**Work request**
Only the lines below from the one with "Tonight&rsquo;s appetizer special: fresh" through the one with "Come get yours before I eat all of it🤪" are to be written out, exactly and without any images.

**Stored items**

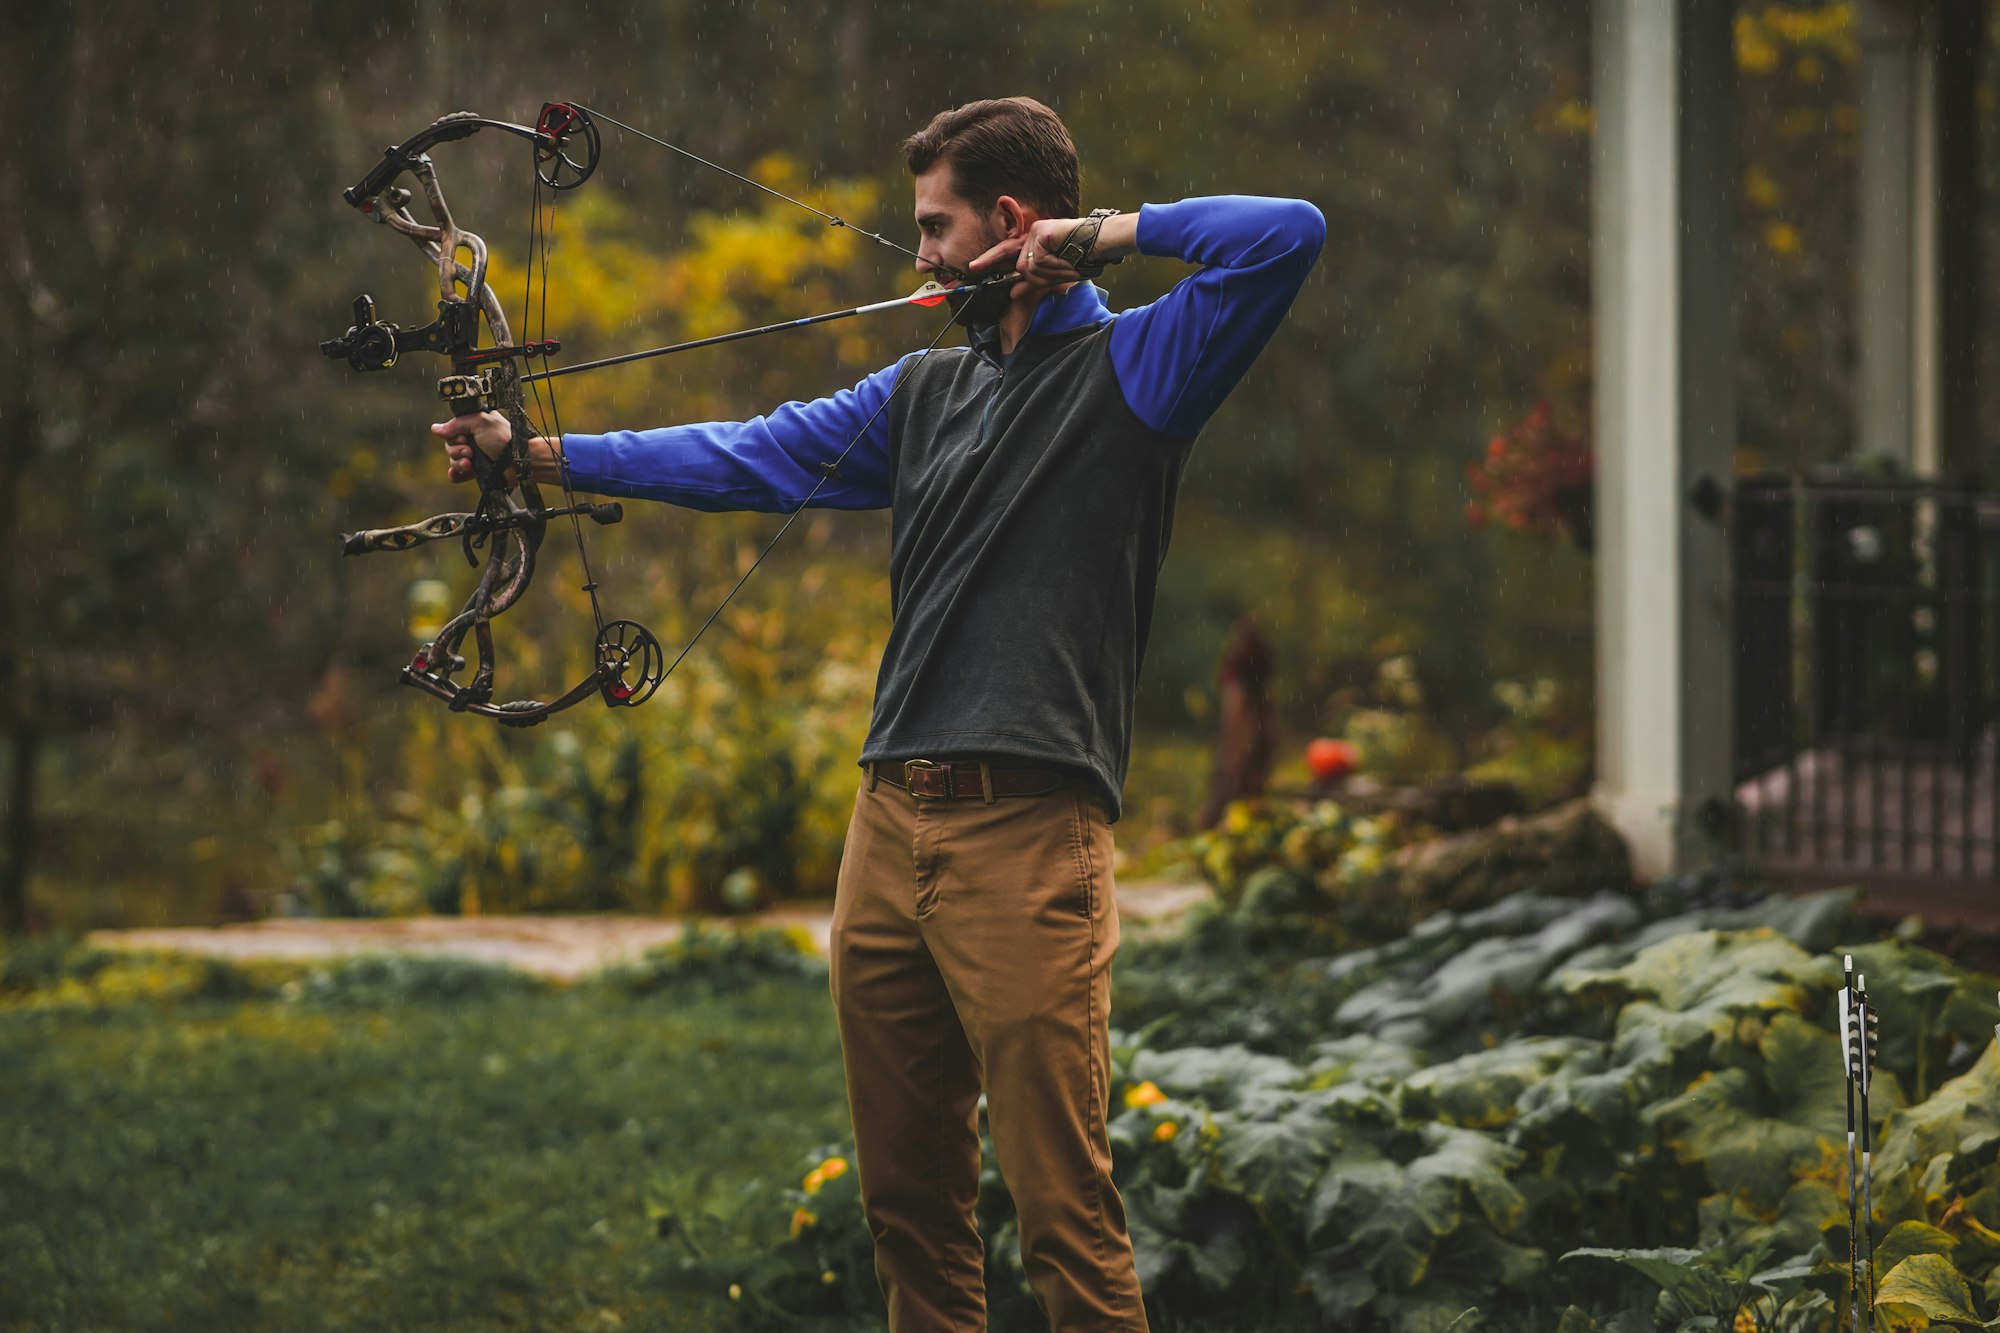 Top 5 Best Compound Bow Of 2022 | Flagship Compound Bow For 2022 Reviewed
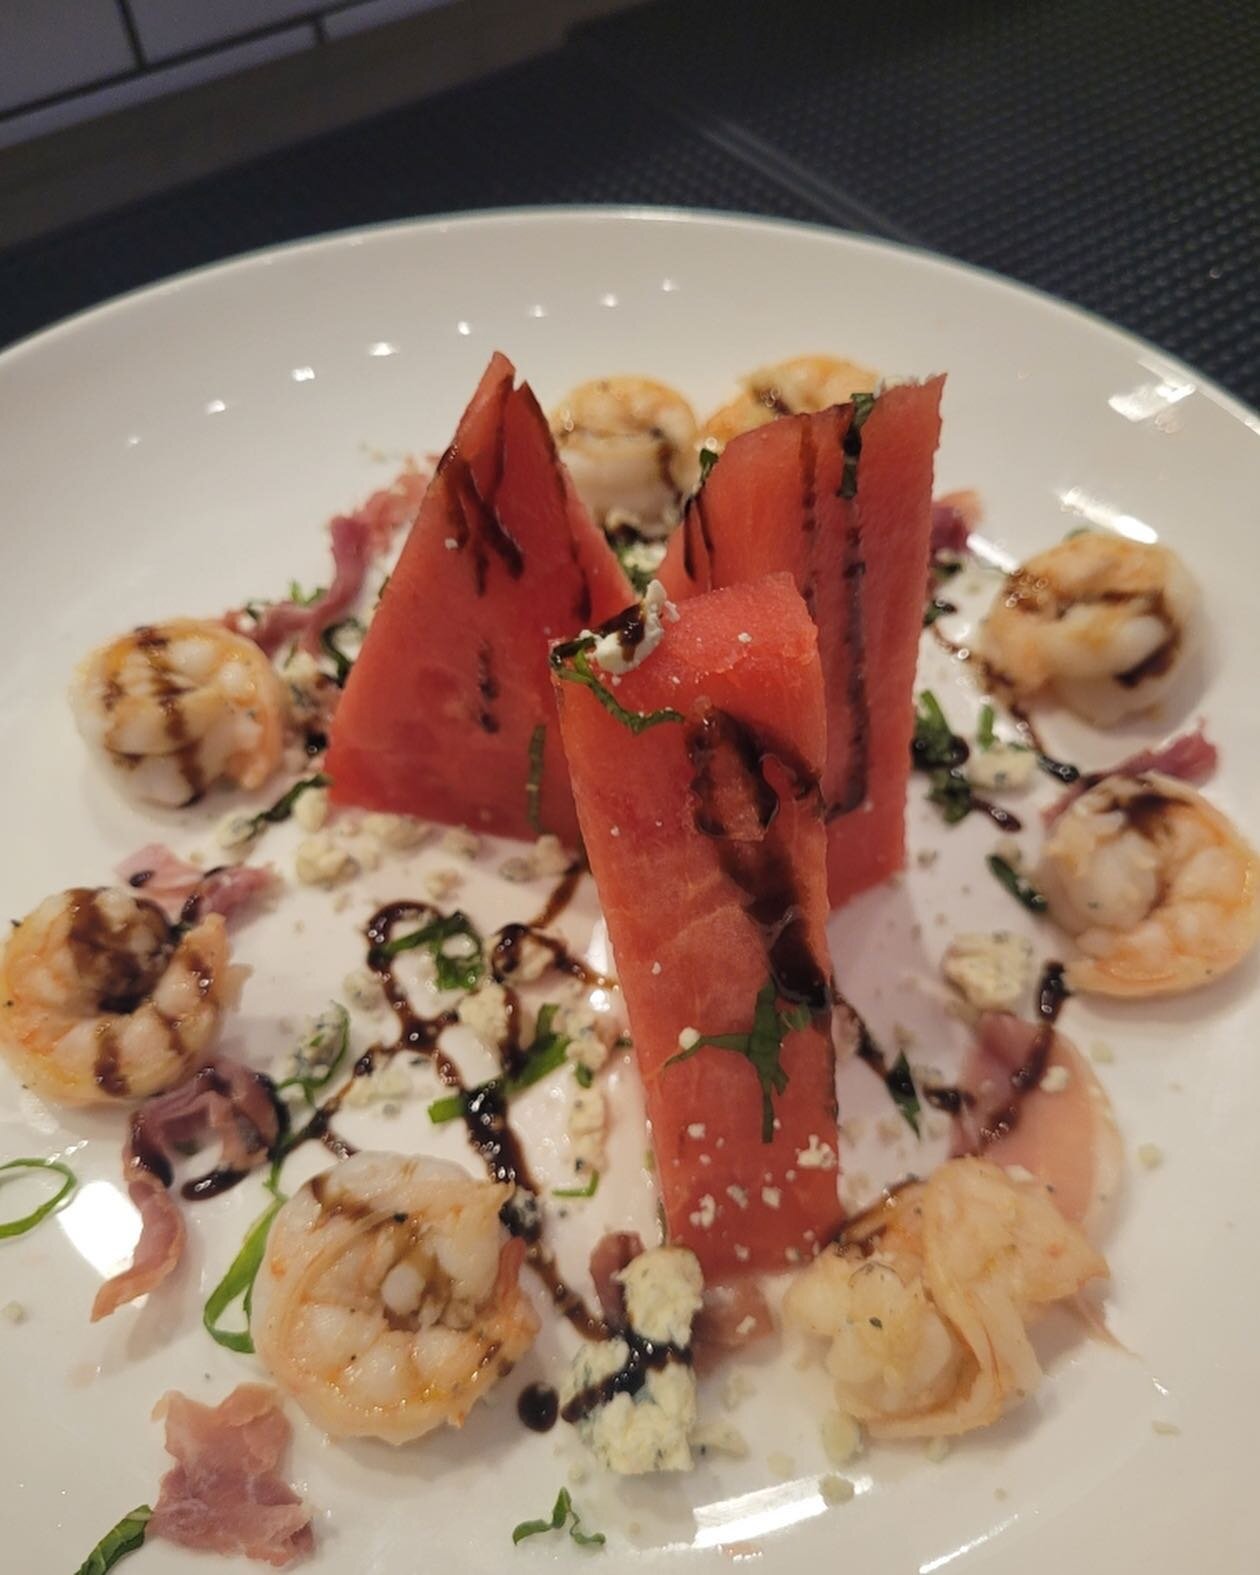 Tonight&rsquo;s appetizer special: fresh watermelon shrimp salad 🍉

Tonight&rsquo;s dinner special: shrimp spaghetti 🍤

Come get yours before I eat all of it🤪
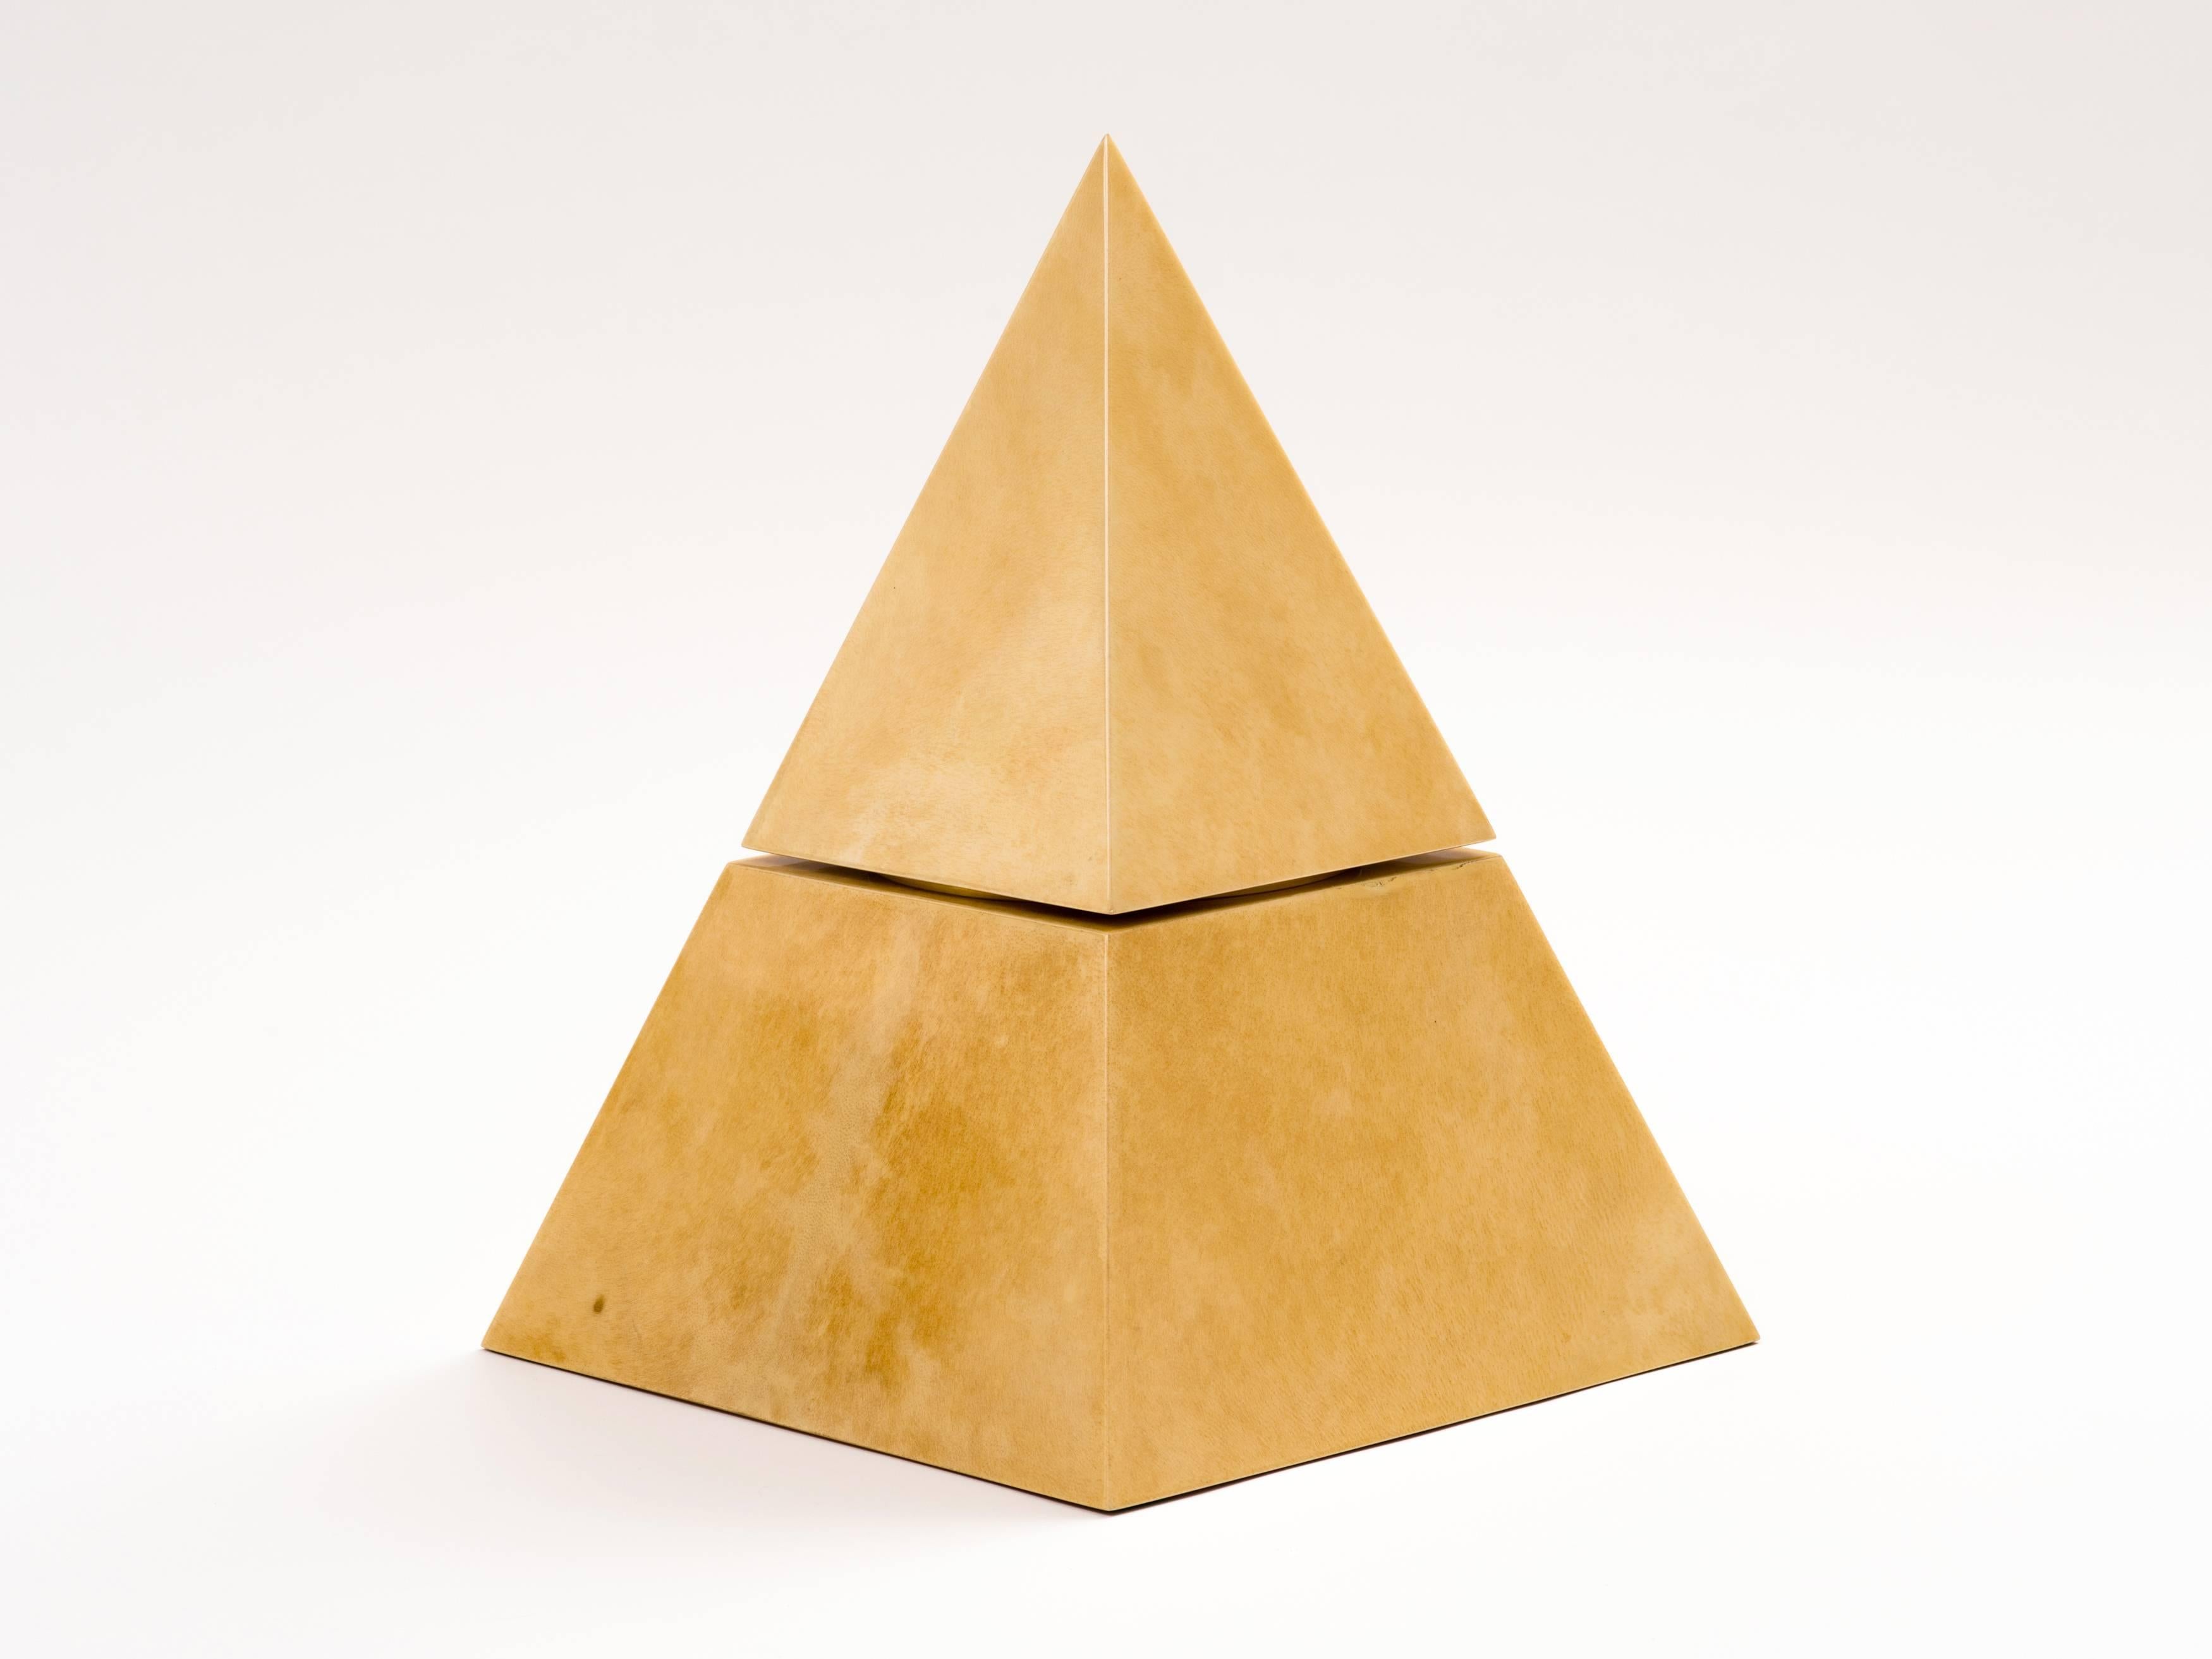 An exceptional example of an uncommon Aldo Tura design, this pyramid form wine cooler or ice bucket comprises a lacquered goatskin parchment body with a lacquered mahogany underside, inset with a plastic receptacle. The goatskin is a rich cream or

**Answer to the exercise**
 Tonight&rsquo;s appetizer special: fresh watermelon shrimp salad 🍉

Tonight&rsquo;s dinner special: shrimp spaghetti 🍤

Come get yours before I eat all of it🤪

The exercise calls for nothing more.